Clarification on Fine-tuning PE-Core Models using OpenCLIP Framework #32

rakomar · 2025-05-07T04:42:31Z

Issue: Fine-tuning PE-Core Models with OpenCLIP

Thank you for your excellent work on the PE-Core models and for open-sourcing them!

In the documentation you only refer to using the OpenCLIP framework for training and evaluation of the PE-Code encoder models. We're attempting contrastive fine-tuning of these models (e.g., PE-Core-L14-336) using OpenCLIP with custom image-caption datasets, but encountered a few challenges:

1. Model Registration in OpenCLIP

PE-Core models (e.g., PE-Core-L14-336) aren't registered directly in OpenCLIP:

open_clip_train.main --model PE-Core-L14-336

This results in RuntimeError(f'Model config for {model_name} not found.')

2. JSON Configuration Challenges

We attempted to register the model using a custom configuration as suggested in OpenCLIP Discussion #1022:

open_clip.add_model_config(custom_config_path)

With a configuration like:

{
  "embed_dim": 1024,
  "vision_cfg": {
    "image_size": 336,
    "layers": 24,
    "width": 1024,
    "patch_size": 14,
    "mlp_ratio": 4
  },
  "text_cfg": {
    "context_length": 32,
    "layers": 24,
    "width": 1024,
    "mlp_ratio": 4,
    "heads": 16,
    "vocab_size": 49408
  }
}

However, this approach led to issues:

Unexpected key errors (e.g., visual.attn_pool.*)
Dimension mismatches due to differing pooling methods

Question

Could you clarify:

Is there a more straightforward approach or recommended workflow to fine-tune PE-Core models with OpenCLIP than the manual approach described above?
If not, could you provide additional documentation or examples detailing the correct configuration and fine-tuning steps using OpenCLIP for PE-Core encoder models?

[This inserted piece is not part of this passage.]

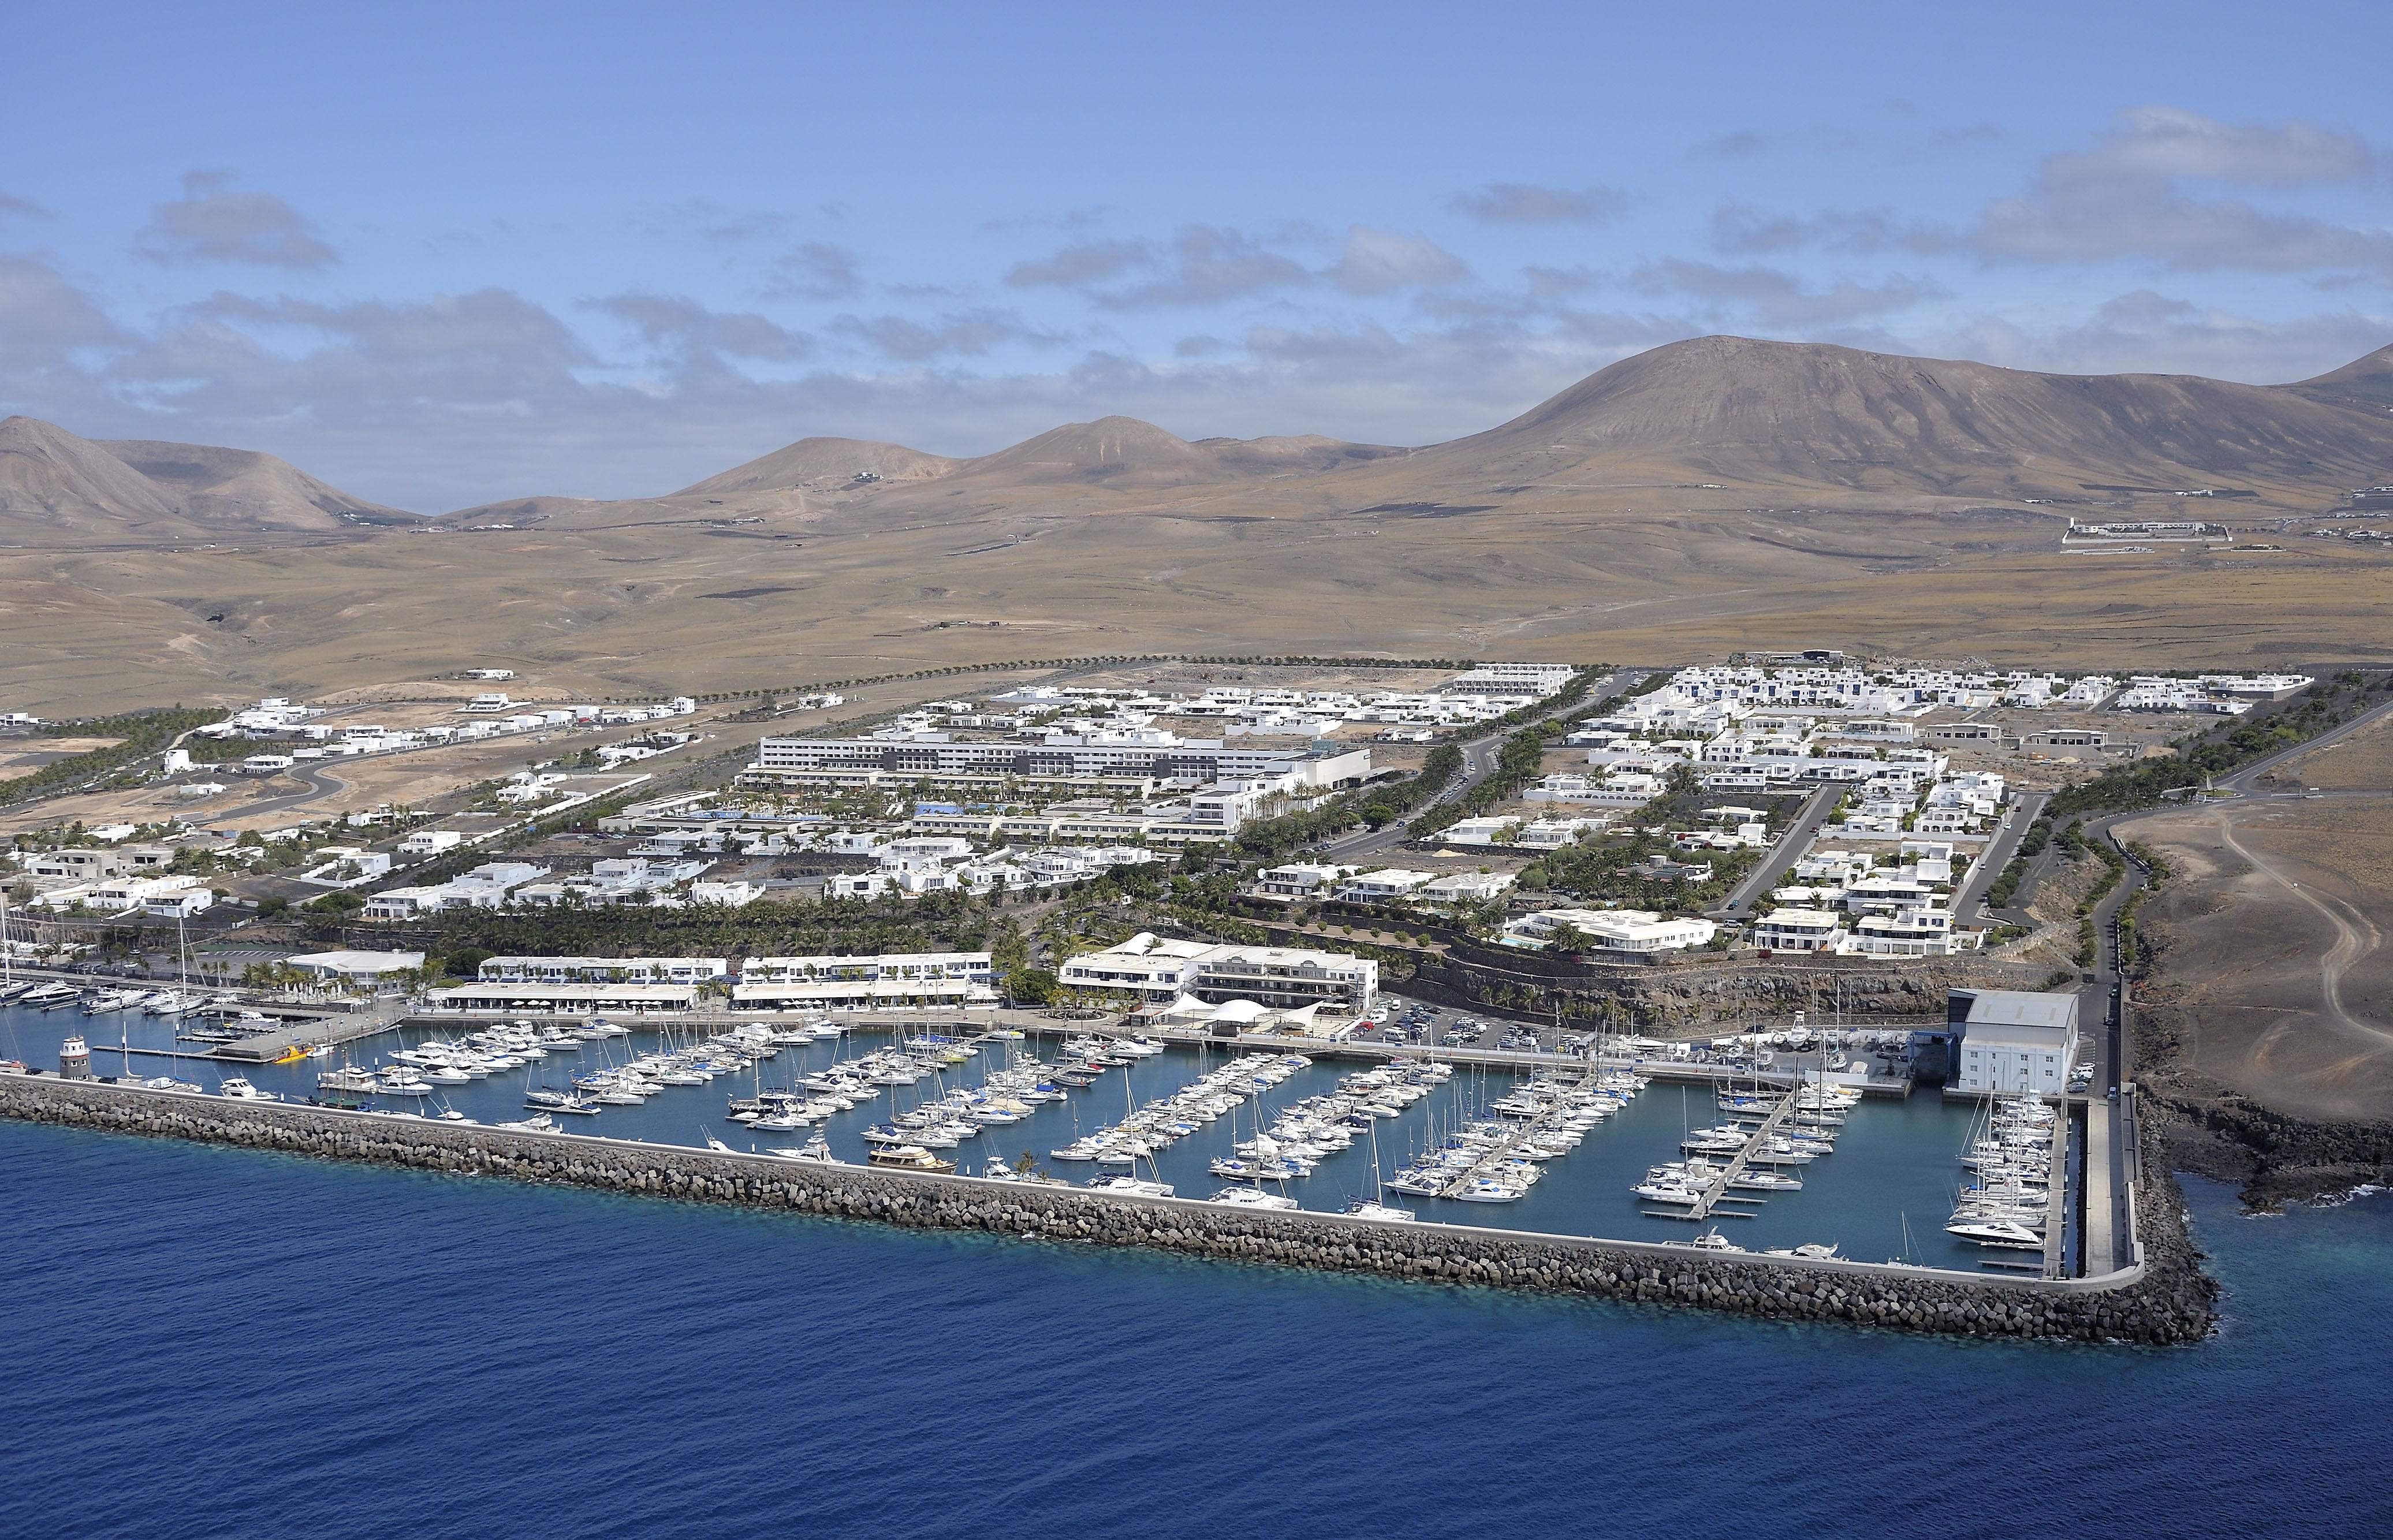 Aerial View of Puerto Calero Marina

Your support on this would be greatly appreciated!

Thanks!

The text was updated successfully, but these errors were encountered:

berniebear · 2025-05-07T05:07:40Z

Hello @rakomar, thank you for your interest in PE. We are working with HF to integrate PE into timm and openclip. We will update the progress and thanks for your patience.

rakomar · 2025-05-07T06:14:36Z

Sounds great. Thank you for the update.
We'll be waiting for it.

berniebear · 2025-05-07T09:26:12Z

Hello @rakomar, before the official (HuggingFace) timm and open_clip integration, a quick pe+open_clip integration (draft) is here: https://github.com/berniebear/open_clip (experimental usage only. no torch script support for now). It uses the original CLIP class in open_clip, featuring a customized PE vision transformer (w/ attention pool, abs + rope pos_emb, etc). The text transformer is identical to the one used in open_clip. The PE model configs are under src/model_configs/{PE-Core-B16-224, PE-Core-L14-336, PE-Core-G14-448}.json.

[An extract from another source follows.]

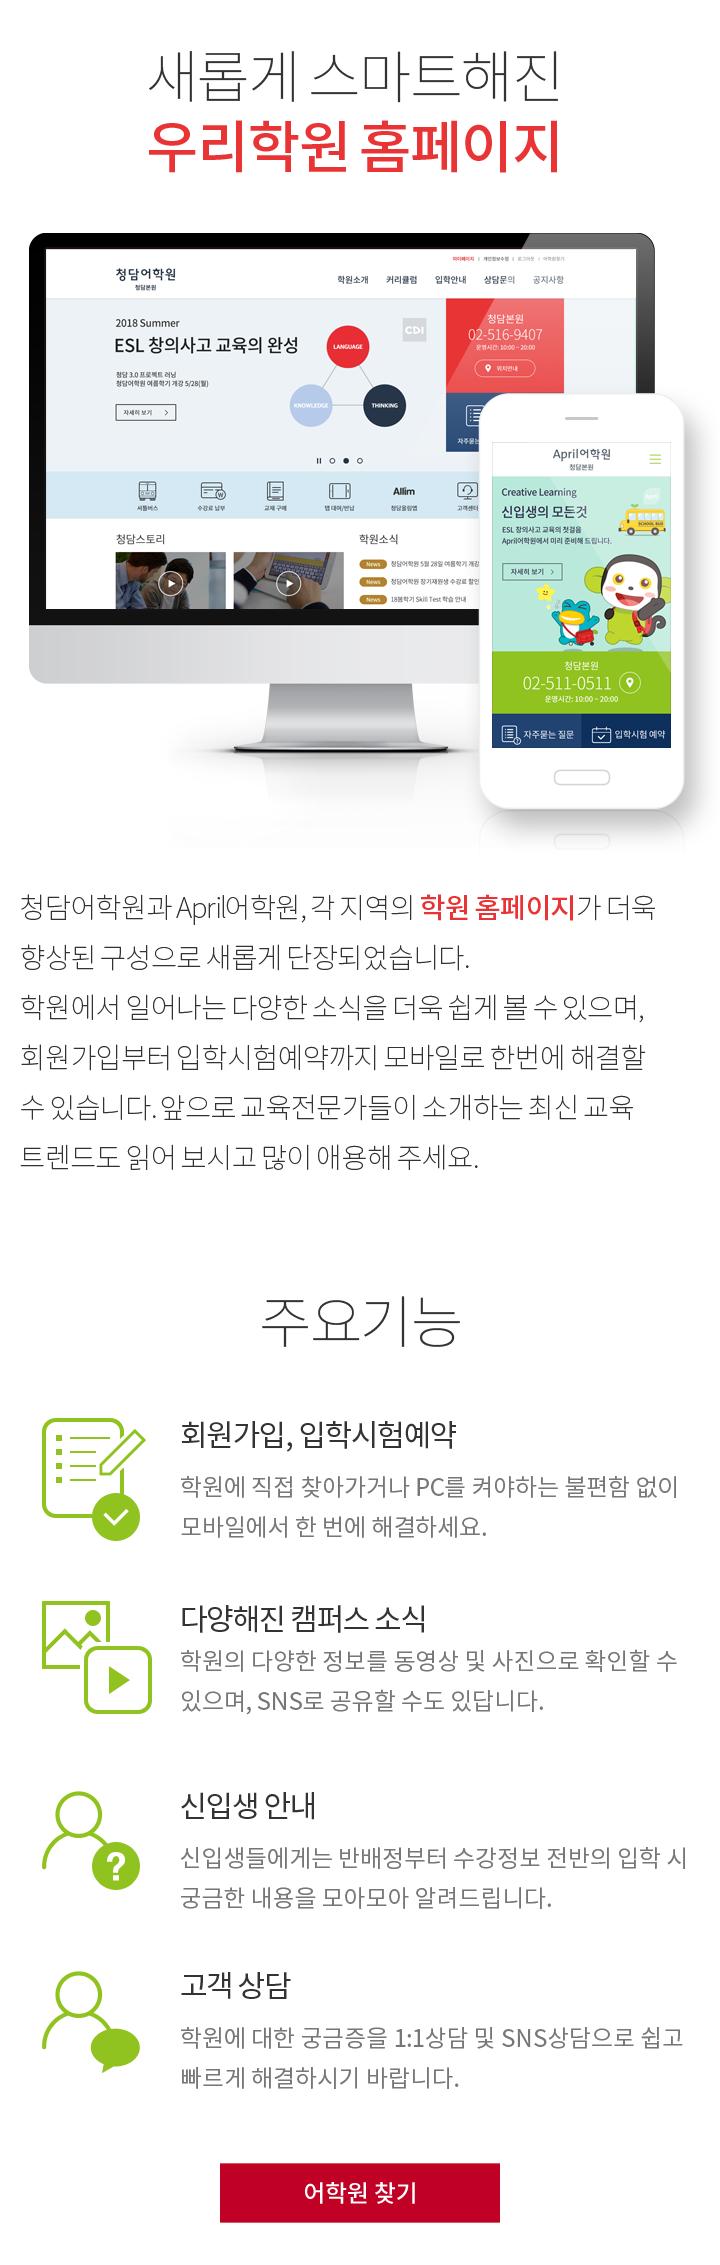 학원 홈페이지 새단장

You may use standard open_clip framework like:

import torch
from PIL import Image
import open_clip

model, _, preprocess = open_clip.create_model_and_transforms('PE-Core-L14-336', pretrained=True)
tokenizer = open_clip.get_tokenizer('PE-Core-L14-336')
image = preprocess(Image.open("docs/cat.png")).unsqueeze(0)
text = tokenizer(["a diagram", "a dog", "a cat"])
with torch.no_grad(), torch.autocast("cuda"):
    image_features = model.encode_image(image)
    text_features = model.encode_text(text)
    image_features /= image_features.norm(dim=-1, keepdim=True)
    text_features /= text_features.norm(dim=-1, keepdim=True)

    probs = (100.0 * image_features @ text_features.T).softmax(dim=-1)

print("Label probs:", probs)  # prints: [[0., 0., 1.]]

Some open_clip functionalities may not be supported before the official open_clip integration by HF. Hope this helps! Cheers!

rakomar · 2025-05-08T05:11:25Z

Thank you a lot for the clarification.
Do you have a rough estimate time until which you assume the changes to be integrated in open_clip officially?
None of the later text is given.